AES-GCM Cipher Causes Memory Leak on NetScaler VPX Devices

AES-GCM Cipher Causes Memory Leak on NetScaler VPX Devices

book

Article ID: CTX217918

calendar_today

Updated On:

Description

AES-GCM ciphers causes memory leak on NetScaler VPX devices.

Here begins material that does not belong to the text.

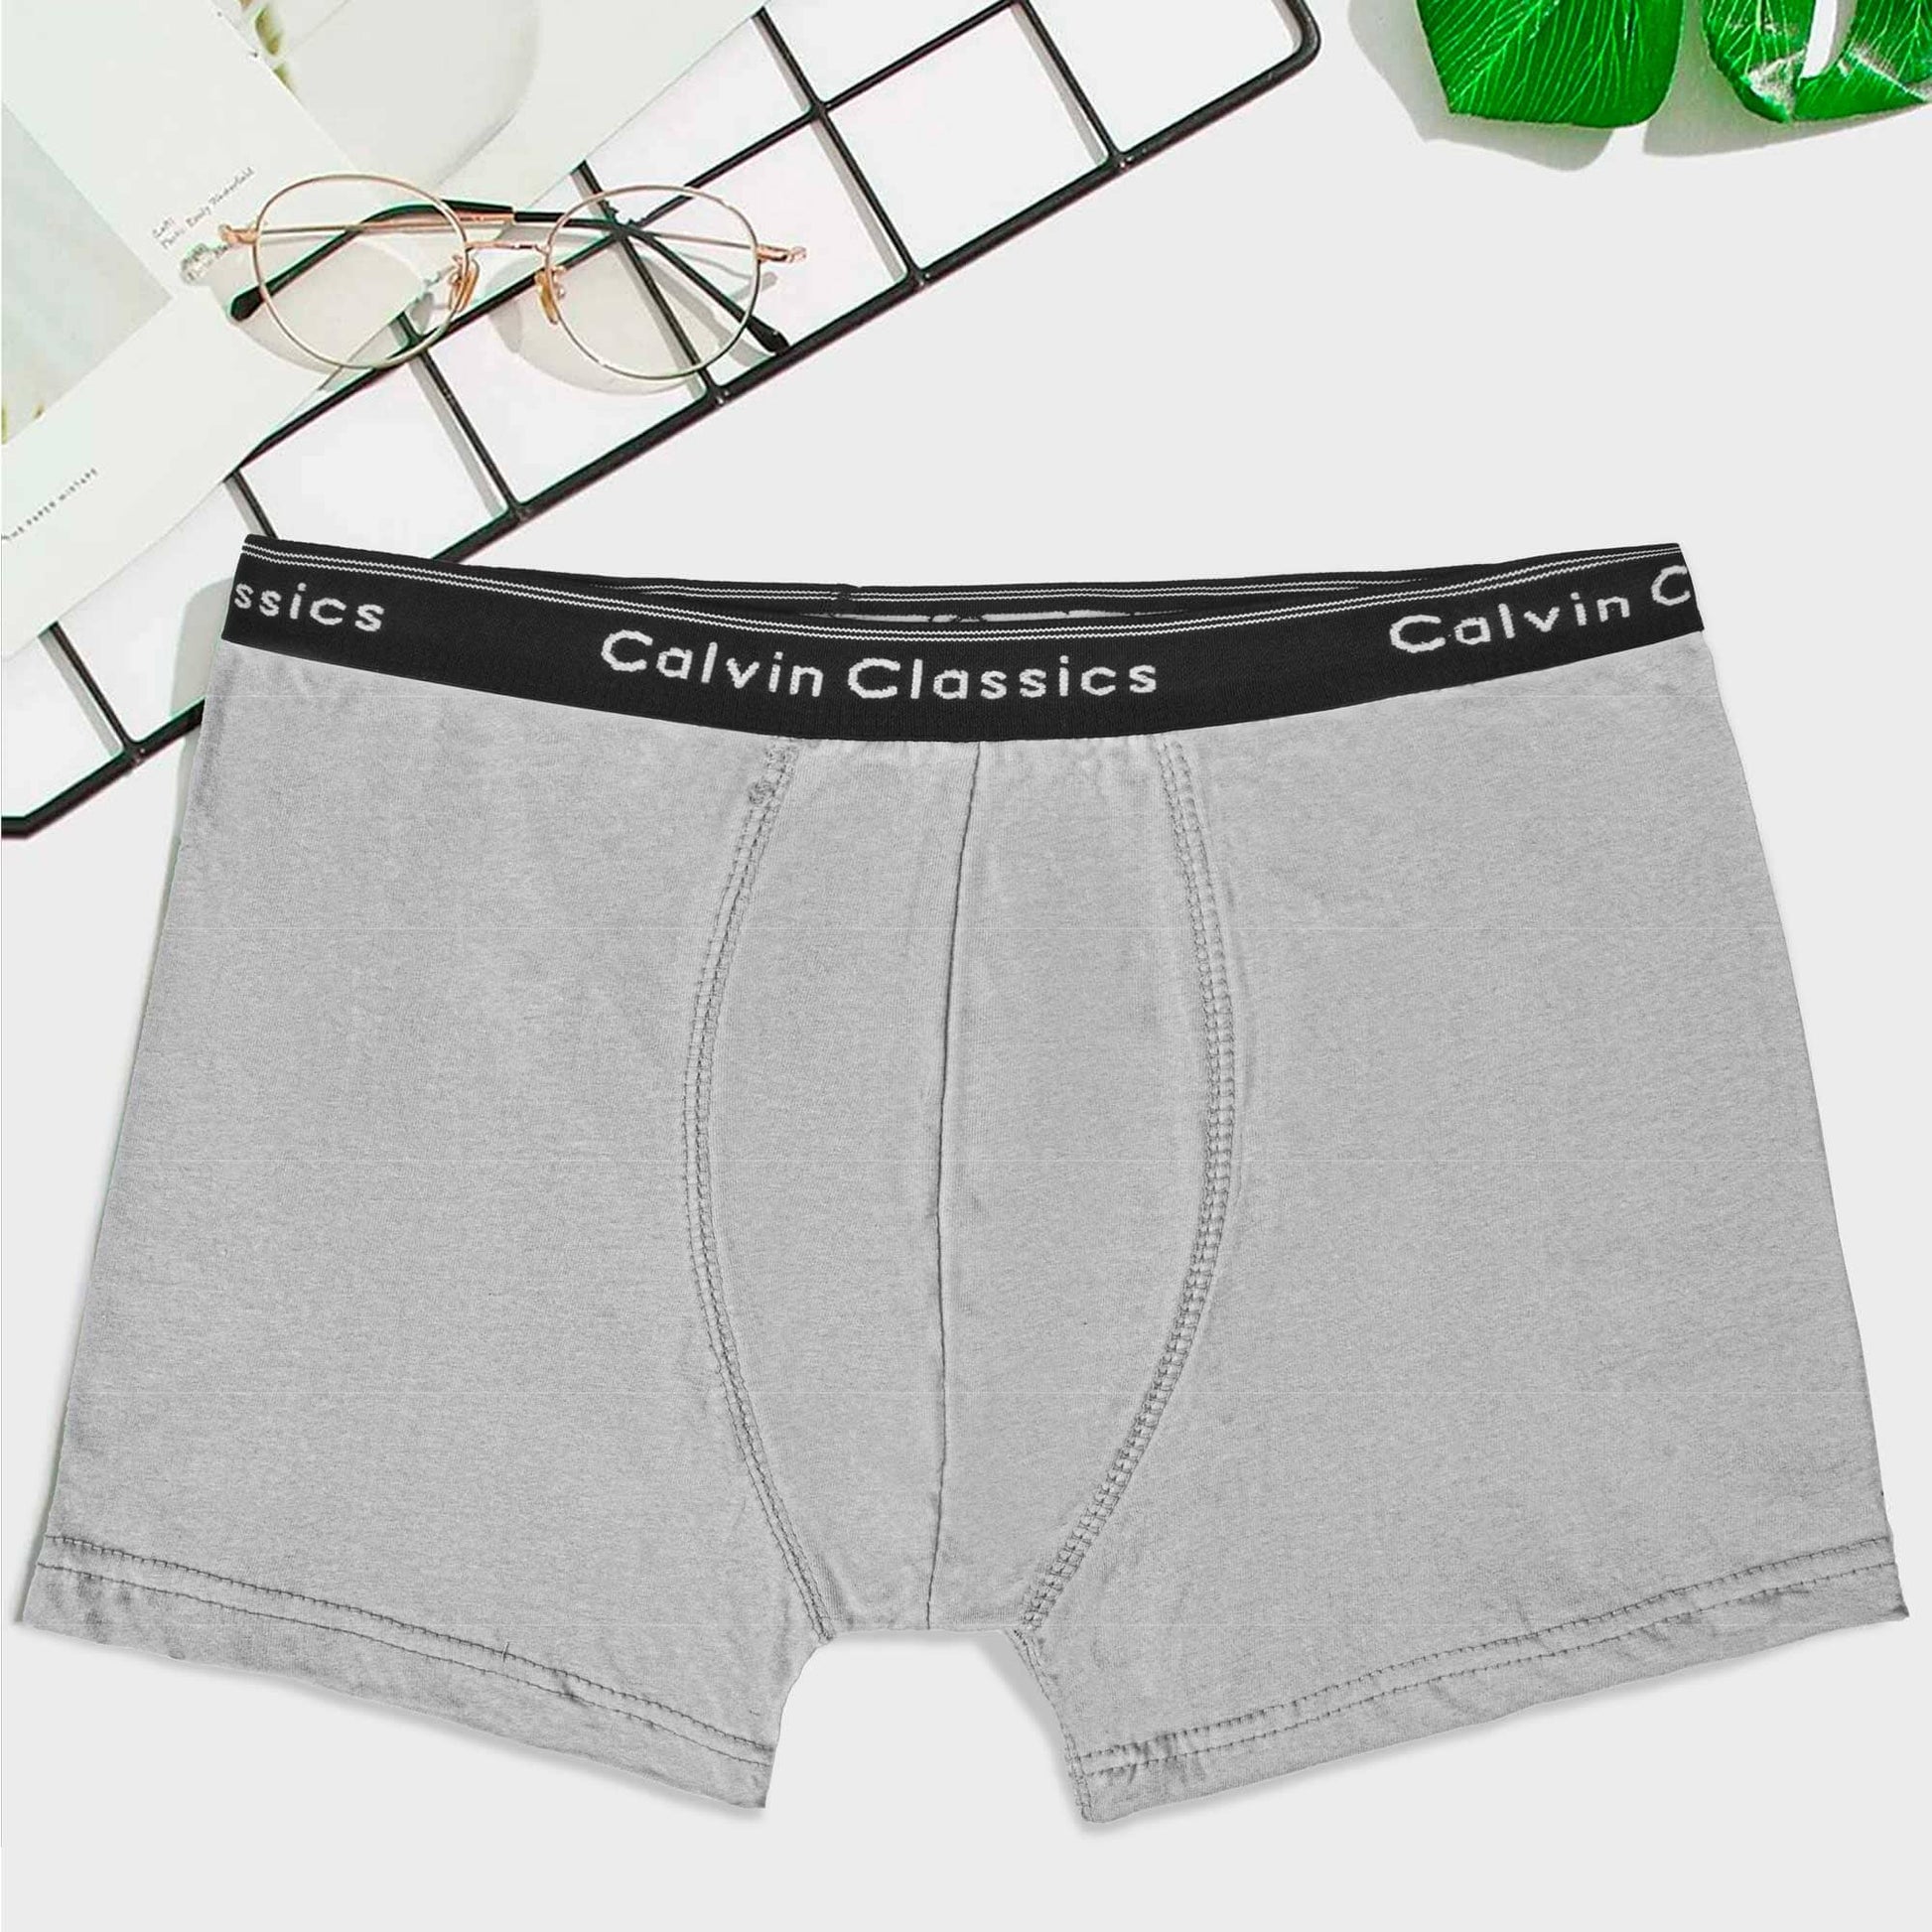 Calvin Classic Men's Boxer Shorts Men's Underwear SZK Heather Grey S

The VIP that has this Cipher group bound goes down due to high memory usage.

$nsconmsg -K newnslog.154 -g mem_err -d statswt0 

Displaying current counter value excluding counters with 0 value information 
NetScaler V20 Performance Data 
NetScaler NS11.0: Build 67.12.nc, Date: Jul 13 2016, 18:59:25 

reltime:mili second between two records Thu Oct 6 14:17:22 2016 
Index reltime counter-value symbol-name&device-no 

1 0 2931 mem_err_alloc_failed MEM_TBUF 
3 0 2931 mem_err_alloc_failed mempool_SYSTEM(SYSTEM) 
5 0 6146752512 mem_err_alloc_failed_size MEM_TBUF 
7 0 6146752512 mem_err_alloc_failed_size mempool_SYSTEM(SYSTEM) 
9 0 2931 mem_err_allocfailed 
11 0 6146752512 mem_err_allocfailsize 
13 0 2931 mem_err_bm1024pages_allocfailed 
Done. 

$nsconmsg -K newnslog.154 -d oldconmsg -sConMEM=1 | grep -i tbuf | tail -5 

MEM_TBUF 4294967295 2292187136(53.37% 0.00%) 0 3668 0 
MEM_TBUF 4294967295 2292187136(53.37% 0.00%) 0 3671 0 

$ nsconmsg -K newnslog.153 -d memstats | grep -i tbuf 
MEM_TBUF 4294967295 2155872256(50.20% 0.00%) 0 0 0 

$ nsconmsg -K newnslog.154 -d memstats | grep -i tbuf 
MEM_TBUF 4294967295 2292187136(53.37% 0.00%) 0 2931 0 

As we can see above, the MEM_TBUF usage is high. Logs indicate a gradual increase in this. Every handshake containing the AES-GCM cipher, causes the MEM_TBUF to increase.

Resolution

This particular issue has already been reported in the past and the fix for this issue is now available in the firmware NetScaler 11.0 build 68.12 (and above) and NetScaler 11.1 build 49 and above. 

This is also mentioned in the release notes of NetScaler 11.0 build 68.12 - https://www.citrix.com/content/dam/citrix/en_us/documents/downloads/netscaler-adc/NS_11_0_68_12.html 

The following is an excerpt from the release notes:
NetScaler virtual appliance sometimes fails because of a memory leak if you use GCM-based ciphers on a VPX platform. The ciphers can eventually exhaust memory, causing the appliance to fail if the memory exhaustion error is not gracefully handled.
[# 652477, 654559, 656035, 657343]

To workaround the issue, unbind all cipher groups with GCM ciphers.

For example:

> show run | grep GCM

bind ssl cipher gcm-cipher -cipherName TLS1.2-ECDHE-RSA-AES256-GCM-SHA384

bind ssl cipher gcm-cipher  -cipherName TLS1.2-ECDHE-RSA-AES128-GCM-SHA256

bind ssl cipher gcm-cipher -cipherName TLS1.2-DHE-RSA-AES256-GCM-SHA384

bind ssl cipher gcm-cipher -cipherName TLS1.2-DHE-RSA-AES128-GCM-SHA256

If you see any of the above ciphers, please do not use to avoid memory issues. If you want to use above ciphers then please upgrade to the latest 11.1 build.

Issue/Introduction

AES-GCM cipher causes memory leak on NetScaler VPX devices. The VIP that has this Cipher group bound goes down due to high memory usage.

Additional Information

Few things to keep in mind regarding memory leak issues:

  • If you suspect a memory leak on your NetScaler (steady increase to high memory, ~60% utilization), the immediate workaround is to force an ha failover to the Secondary appliance.
  • The previous Primary appliance with the affected memory leak should still have HIGH memory.  The leaked memory does not free even if the NetScaler is in Secondary mode.
  • The only way to free the 'leaked' memory is to reboot the affected appliance. Ensure to save configuration before rebooting.